_Information supplied_:
# # # #
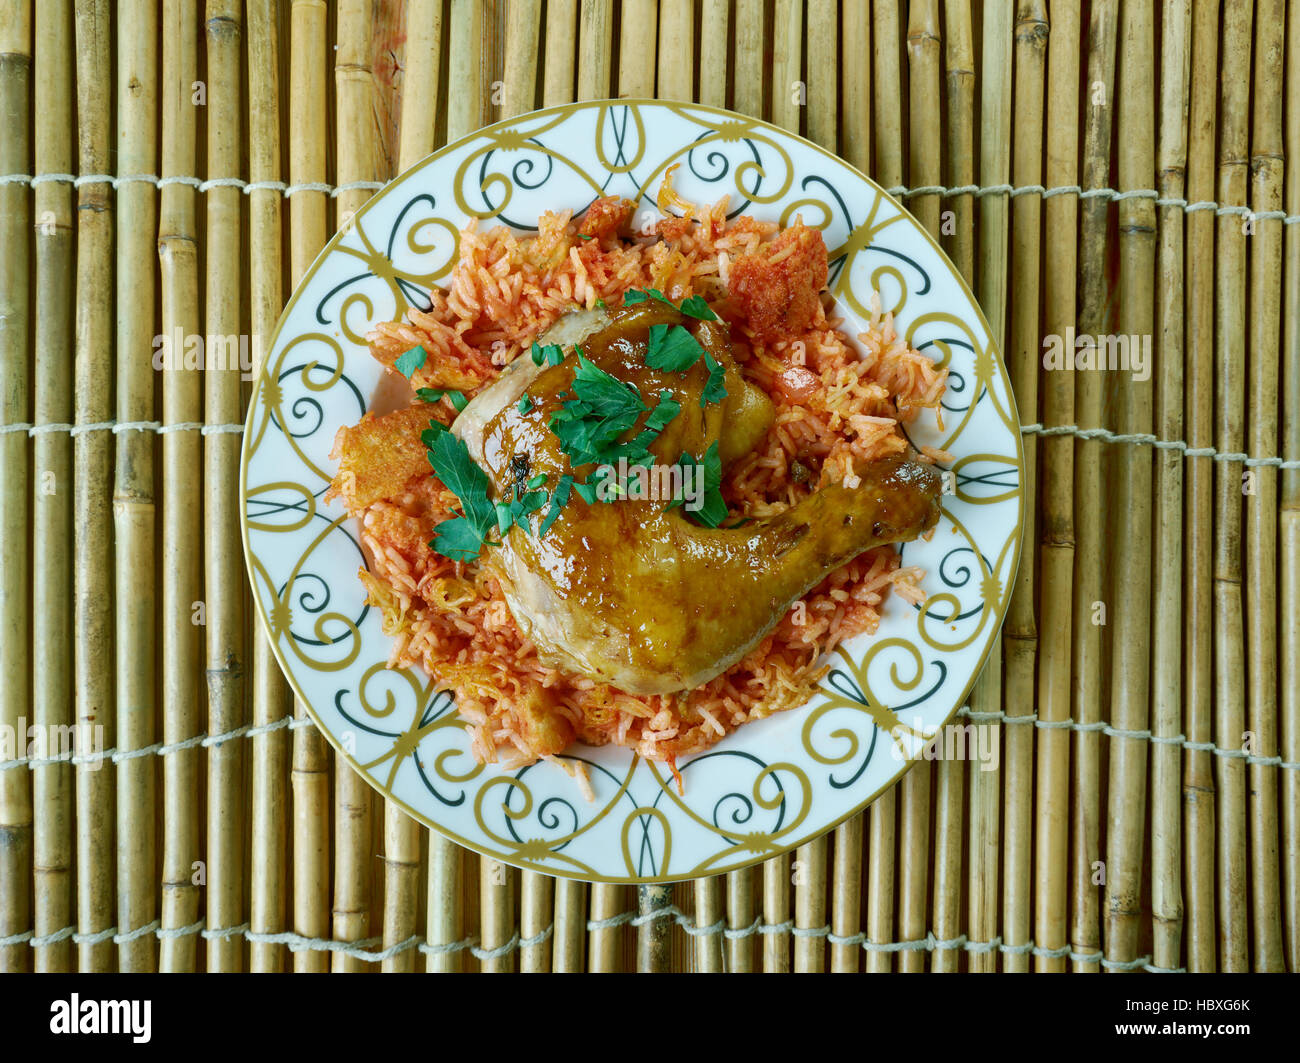 Egyptian Faatah Rice And chicken Meat With Crispy Bread On Bottom Stock Photo
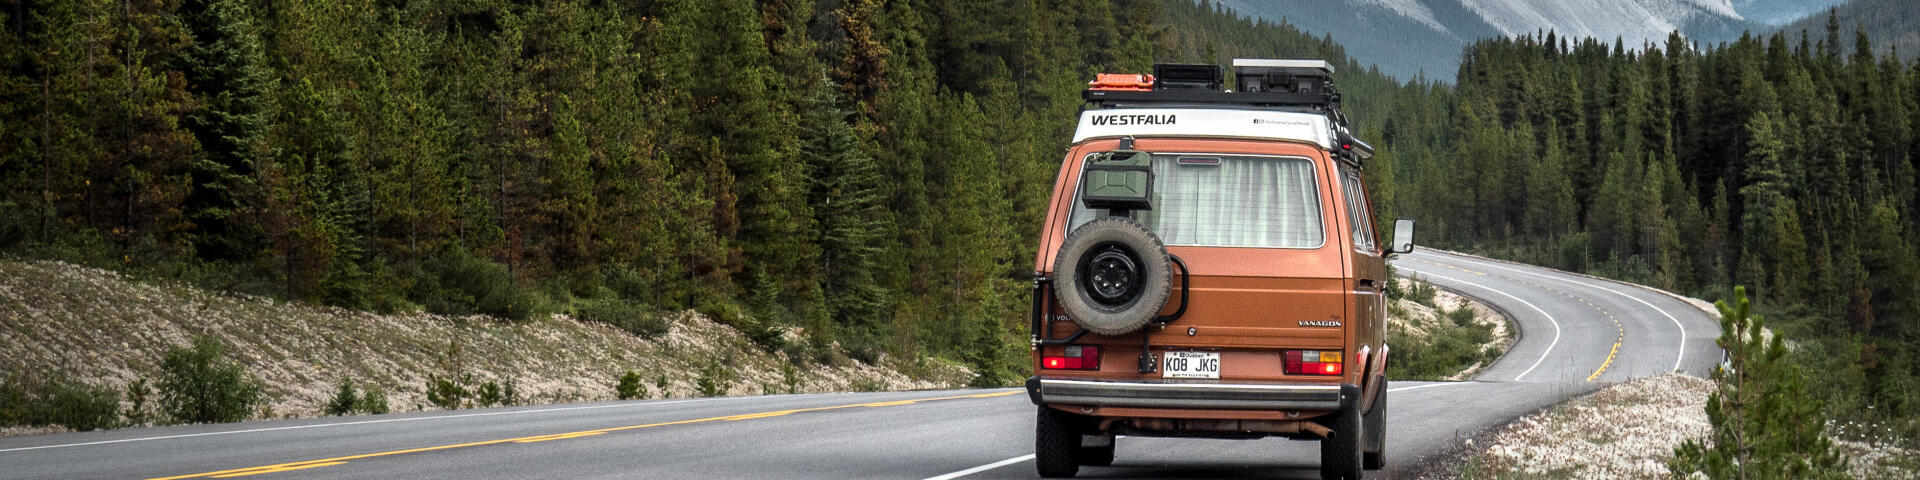 westfalia on the trans canadian highway in the rockies
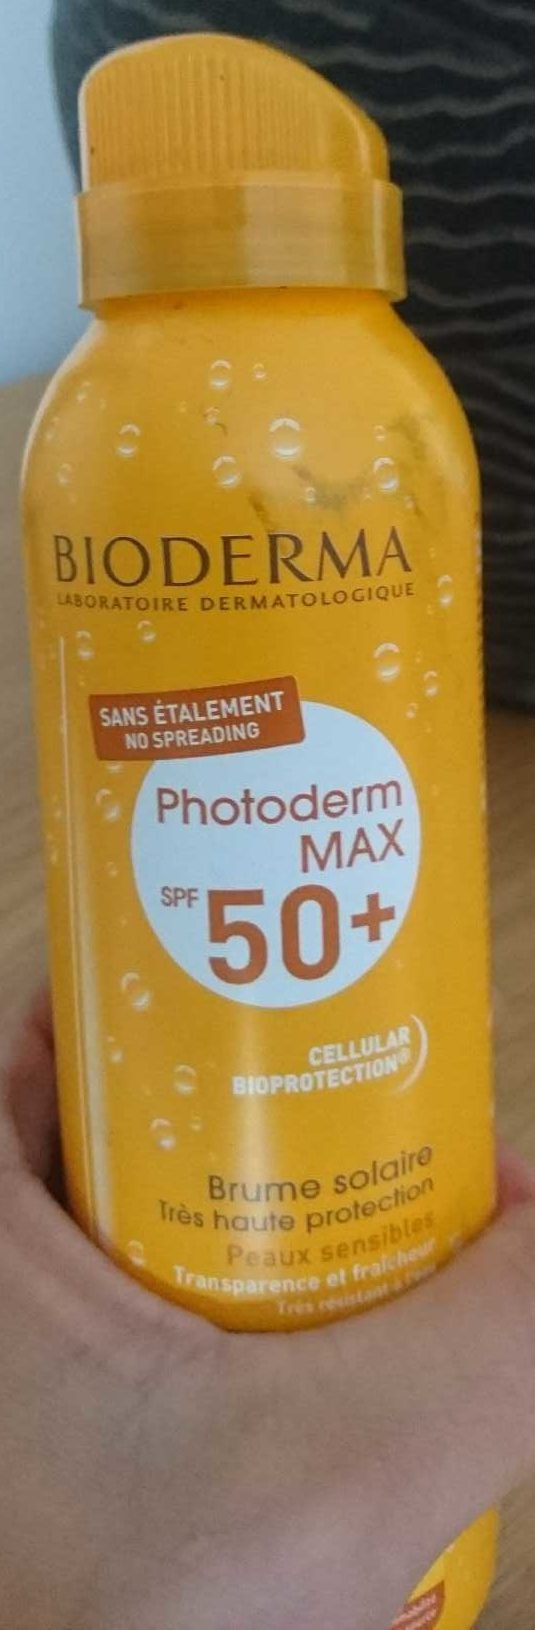 Photoderm max spf50+ - Product - fr
# # # #
_What you will do_: Your reply should restate the data above word for word and contain no pictures.

_Final answer_:
 Egyptian Faatah Rice And chicken Meat With Crispy Bread On Bottom Stock Photo
 westfalia on the trans canadian highway in the rockies
 Photoderm max spf50+ - Product - fr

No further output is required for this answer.